Alex Hanna: As if, as if Jay Z and Beyonce magnanimous--
Safiya Noble: Girl, please do not even get me started. I mean, as if, but I guess if you have like the WNBA celebrated in your commercials, then, you know, you must be on point.
And this is, again, like, perfect advertising to convince people that the things that they are interested in and the people that they, you know, worship or follow are leading them to the right places. And so, you know, that is actually quite different. In fact, it's much more crass and in your face.
But, you know, the, the truth is people, I have found this again and again, and Pew, you know, in their, uh, studies on search engine use have found that more than 70 percent of people who use search engines believe that what they find there is credible and trustworthy.
And part of the reason is because when you look for very banal things in the prior logics of search, where people used minimal numbers of keywords, to look for something, right, Alex, to your point, to your, to your baby cousin, because, you know, it's like they just search guinea pigs, um, you know, then, uh, they get a lot of things that are kind of seemingly banal.
And so they seem not controversial. But when you start asking more complex questions, it completely goes off the rails. And this is the kind of thing that I think, you know, we've all been studying here for a long time. So to me, to see Google moving in the direction of encouraging people to ask more complex questions, especially about society.
You know, I mean, I think we know where this is headed. The harder part is that it's generative AI, you know, this kind of block text and pushing the web pages down as people have said to the center of the earth means, um, Very quickly, you're going to have a generation of people who just trust that the machine has done the right summarization and who will lose sight of all of the contested or multiple or millions of kinds of web pages that they could also have explored.
Emily M. Bender: Yeah, absolutely. All right. So I'm wondering, there's a lot here that we didn't get to because we got to so much. of your wisdom, which is wonderful. Um, so, um, about those odd results. You have something you want to bring up, Alex?
Alex Hanna: Yeah. I mean, I think a lot of the things I want to, I want to, I want to point out here is basically Google calling it the user's fault.
Um, and, and they, sorry, I got a cat in my hands and she is needy. Um, so yeah, so the, so they start, "In addition to designing AI overviews to optimize for accuracy, we tested the feature extensively before launch. This included robust--" and I'm saying this in the most petulant tone I can. "This included robust red teaming efforts, evaluations with samples of typical user queries, and tests on a proportion of search traffic to see how it performed. But there's nothing quite like having millions of people using the feature with many novel searches. We've also seen nonsensical news searches, seemingly aimed at producing erroneous results."
You know--
Emily M. Bender: We put our synthetic text extruding machine out there. How dare you provoke it to extrude nonsensical synthetic text?
Alex Hanna: Yeah, and then and then they've also said, I love, and then they talk about the fake screenshots and then they also say, "So we'd encourage anyone encountering these screenshots to do a search themselves to check." And I've it's actually quite funny because we were talking about this before we got on air and Safiya and I were like well actually I tried to actually use the tool and it seems like they've like have blocked off this access to maybe a particular set of people.
And, uh, I think, um, on the 404 Media podcast, they were talking about this as well, where I forgot who, uh, who it was. I think it was Emanuel and he was like, well, I also did, did a search and then I messaged Google about it and then they took the AI overviews feature away from me completely. And I'm like, Hmm, can I actually check this out?
So I don't want to sound paranoid, but I'm a little paranoid here.
Safiya Noble: I really tried multiple ways to get into Google Search Labs and to, um, sign up and to like, you know, kick the tires and do all these things. And it's like, you're, that email address, absolutely not. I mean, you could have had a personalized message.

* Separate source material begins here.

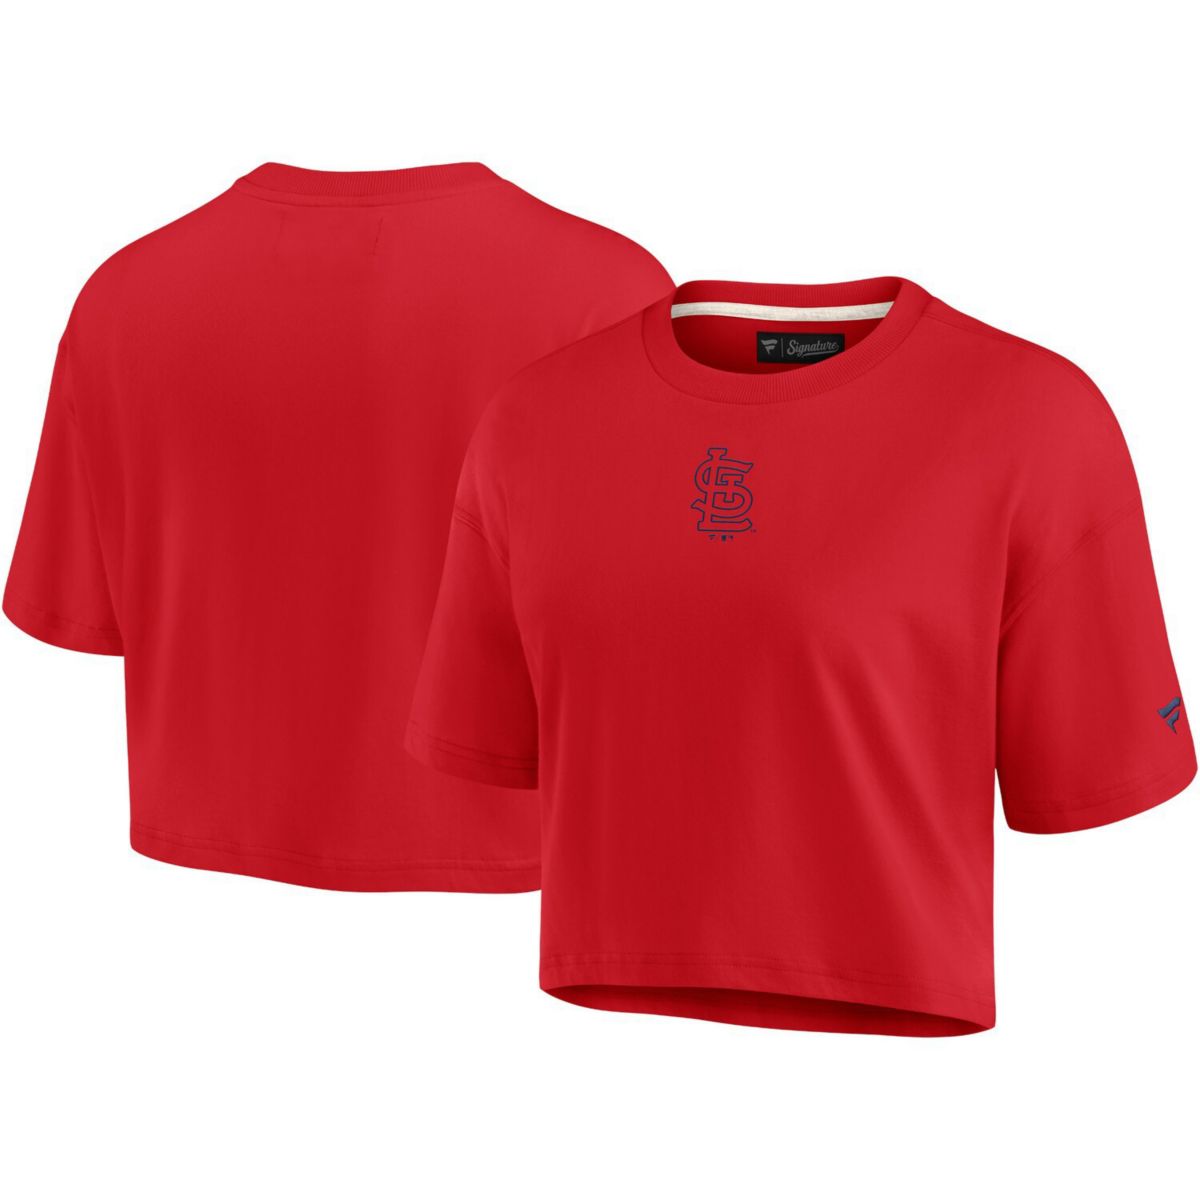 Women's Fanatics Signature Red St. Louis Cardinals Elements Super Soft Boxy Cropped T-Shirt Fanatics Signature

I tried every email that I have, and it was like, no ma'am back off. So I don't know. I'm out here with everybody else. I mean, this is the challenge though, is that we are all out here. We're reverse engineering from these projects because that's the only way we can, we can actually test them as experts.

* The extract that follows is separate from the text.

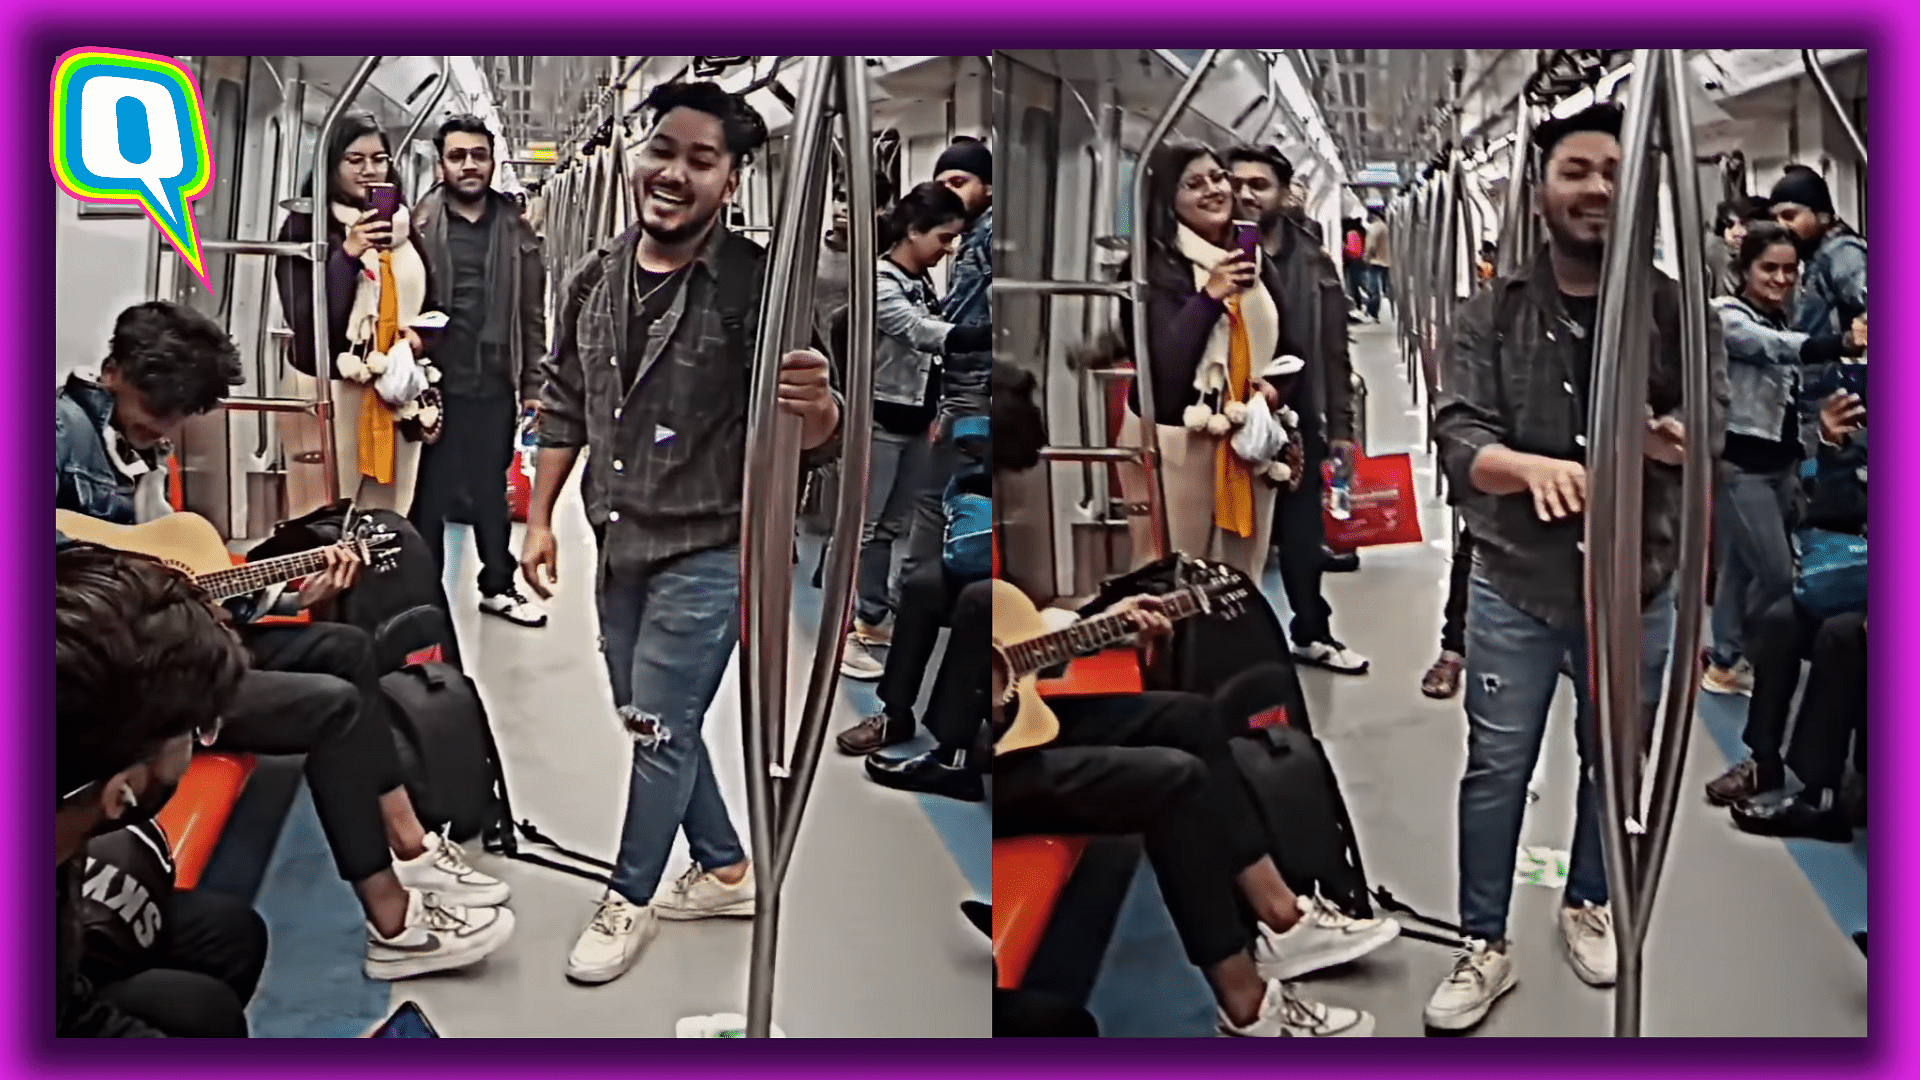 <div class="paragraphs"><p>Singer and guitarist perform 'Bakhuda tumhi ho' in Delhi metro, video goes viral</p></div>

And, um, you know, I find that to be deeply troubling too, because Uh, you know, well, first of all, we're all working for nonprofits and, um, universities and we're like state employees and our jobs should not be to protect the public from these technologies that can be harmful. And yet we do, I know the 3 of us get up every day, along with many of our colleagues around the world and try to kick the tires on these things.
So, yeah, I think it is interesting to, um, you have to, you have to, in fact, try to give every type of nonsensical, but also realistic, um, you know, queries to these, uh, projects and see what happens. You know, I've always loved to look and see kind of like some of my, um, my own, you know, I, I looked in Google search this morning, cause I, I couldn't get the um, genAI to work, but I did go to right to you know, one of my old trustees, "why are black women?"
So, and, uh, uh, I got, you know, the auto population, um, why are black women so fertile and why are black women so good at singing? Um, which kind of made me laugh. And, uh, you know, when I asked why are black people, uh, you know, Google's, uh, auto filling for me um, lactose intolerant. Uh, why are black people's hair texture different? Why are black people good at running? Why are black people's palms white? So in some ways, you know, when I look at these things and I kind of keep it, I check in once in a while, I see that again and again, um, it's like nonsense in here.
And again, um, uh, maybe this is why I can't get the gen AI, because the kinds of questions that I'm asking, they don't want to give me a good long summary about.
Emily M. Bender: I mean If they were going to individually block any one person from using this feature, it would be you, Safiya.
Alex Hanna: Completely. I know. You're the top of their block list.
Emily M. Bender: For all your good work.
Safiya Noble: I don't know. I don't know.
Emily M. Bender: So there's a thing down here where they're talking about these are nonsensical, right? So they say, um, "Prior to these screenshots going viral, practically no one asked Google that question," and that question being, how many rocks should I eat? "There isn't much web content that seriously contemplates that question either. This is what's often called a data void or information gap, where there's a limited high--" So their, their excuse for surfacing something from the Onion is that, well, that's not a question that has a serious answer.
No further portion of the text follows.